Kebetulan saya memang sudah lama penasaran. “Kemiripan” itu telah saya rasakan ketika saya diminta mengiringi Tulus. Insting dan jari tangan saya dengan otomatis mengikuti alur chords Lately, salah satu lagu favorit saya sejak pertama kali saya dengar bulan Agustus 1982. Bagi pemusik lintas generasi, mengiringi Tulus dengan gitar atau piano tentu tidak akan mengalami kesulitan karena susunan bait dan alur chords lagunya memang nyaris sama. Belum lagi kalau ditinjau dari isi lagu. Lirik-lirik Tulus yang meragukan ketulusan hati sang kekasih dalam mencintai, juga nyaris “klop” dengan Lately. Simaklah kuatnya makna penggalan lirik “Just the other night while you were sleeping/I vaguely heard you whispered someone’s name”. Singkat kata, lagu Tulus memang sangat “mirip” dengan Lately.

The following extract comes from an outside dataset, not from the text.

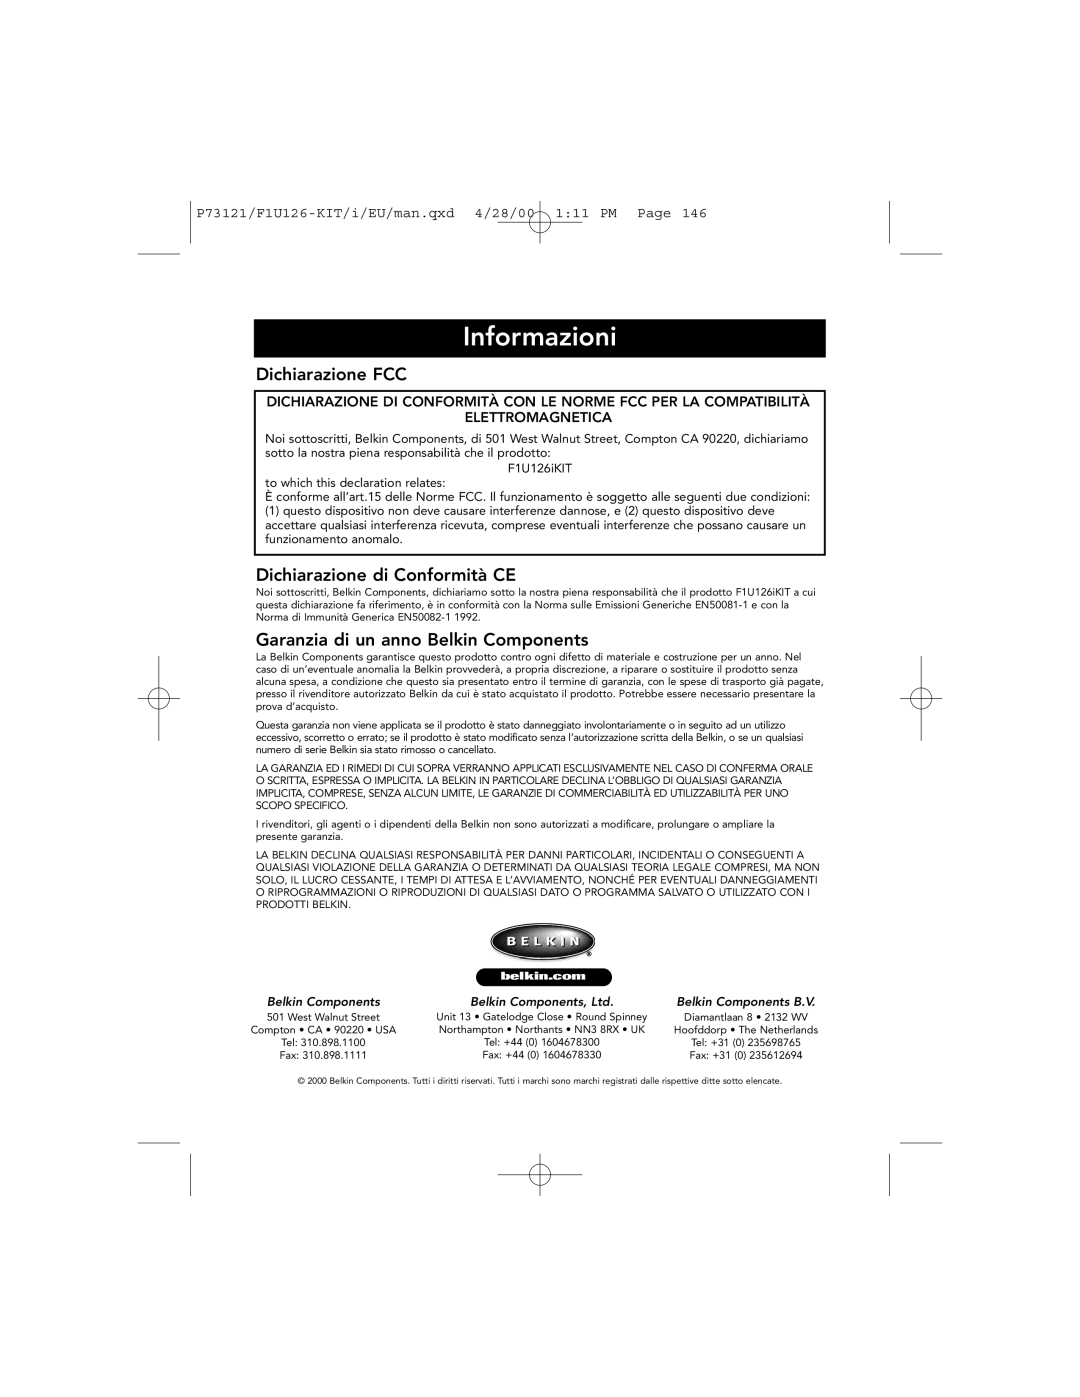 Belkin P73121 Informazioni, Dichiarazione FCC, Dichiarazione di Conformità CE, Garanzia di un anno Belkin Components 
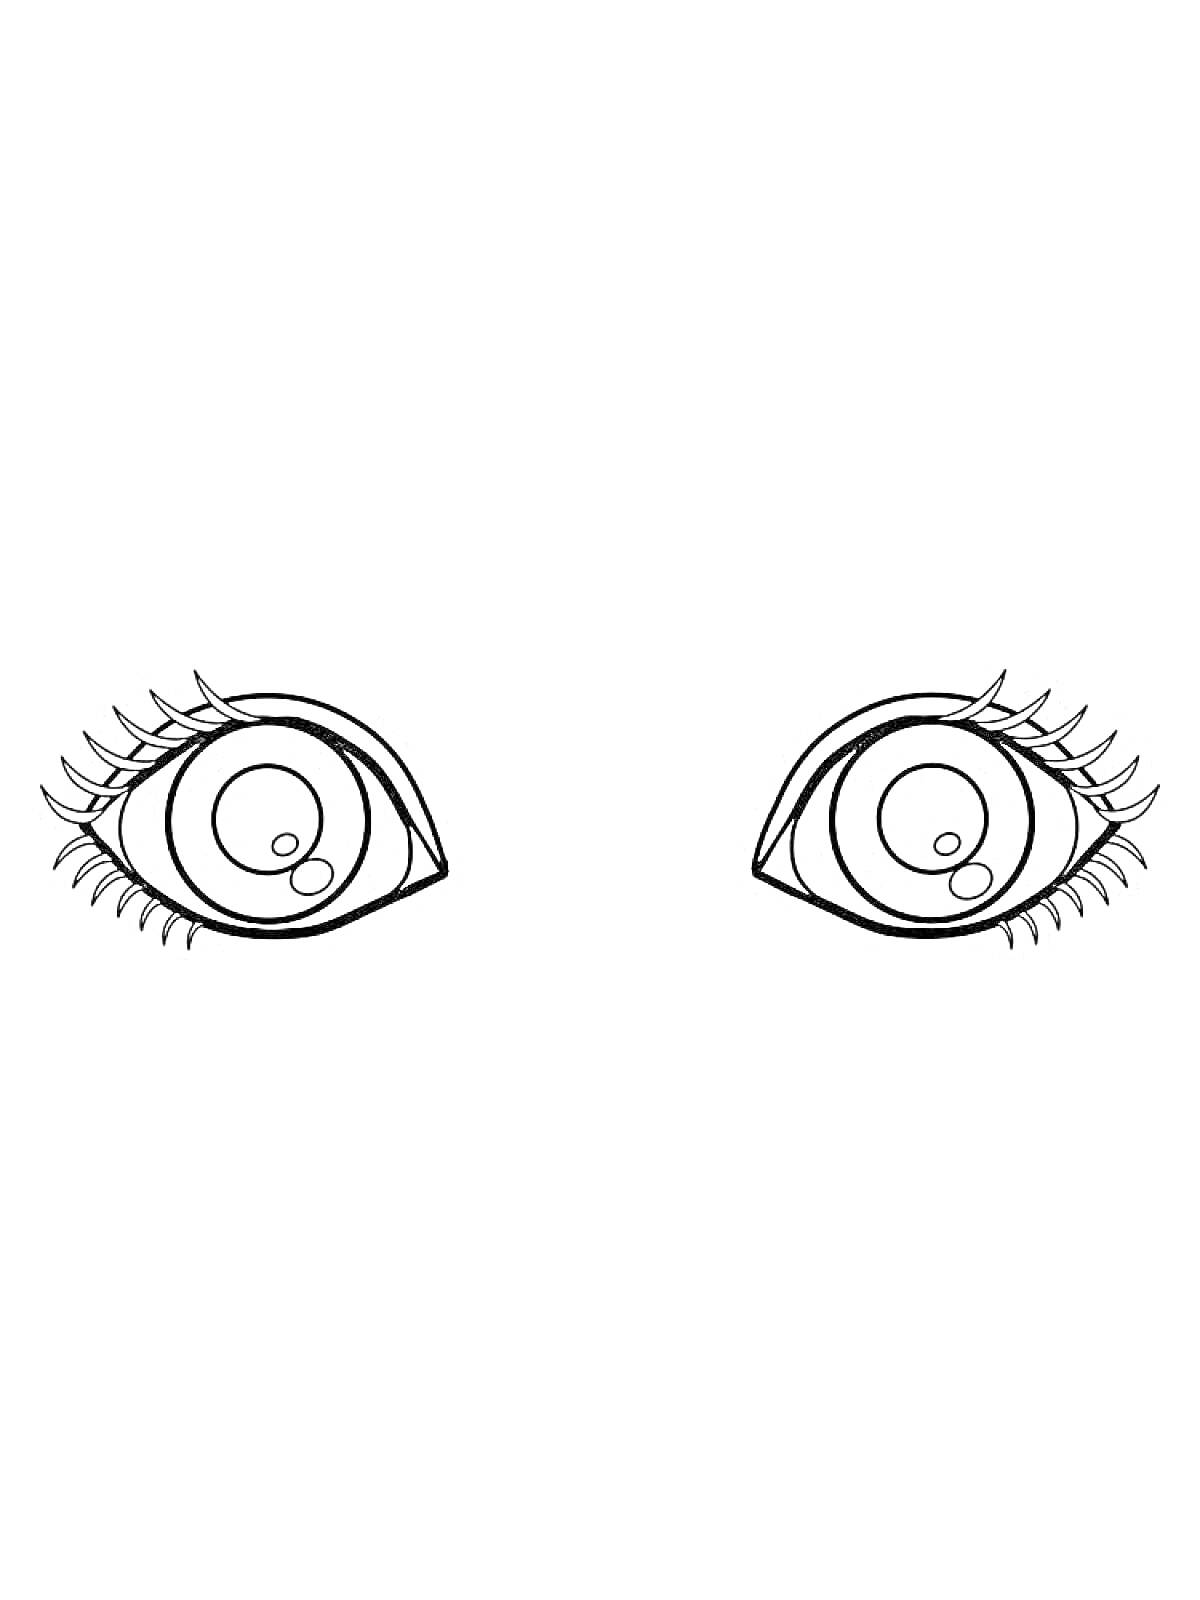 Раскраска Раскраска с изображением пары глаз с длинными ресницами и зрачками

Bagi orang awam, penggemar musik biasa, atau seniman yang lahir berbeda generasi cukup jauh, “kemiripan” kedua lagu tersebut bisa saja menjadi suatu yang wajar dan tidak menarik perhatian. Namun bagi para pemusik handal atau penikmat musik fanatik, maka “kemiripan” itu mustahil tidak diketahui. Menjadi pertanyaan tentunya, mengapa semua membisu dan mendiamkan saja? Apakah benar belasan program infotainment hanya memburu berita artis yang kawin-cerai? Apakah diantara pemusik dan penyanyi juga berlaku slogan “Sesama Bus Kota Dilarang Saling Mendahului”?
***
Mirip memang tidak otomatis identik dengan menjiplak. Dari berbagai definisi semua itu bisa diperdebatkan. Namun demikian, meskipun tidak ada batasan baku, semangat seni dari dulu memang saling menghargai karya cipta dengan moralitas tinggi. Di tengah majunya dunia musik negeri ini, sudah selayaknya juga banyak kritikus seni yang secara jeli menjaga agar dunia seni tidak sampai tercederai seperti halnya berbagai bidang kehidupan lain yang sudah carut marut.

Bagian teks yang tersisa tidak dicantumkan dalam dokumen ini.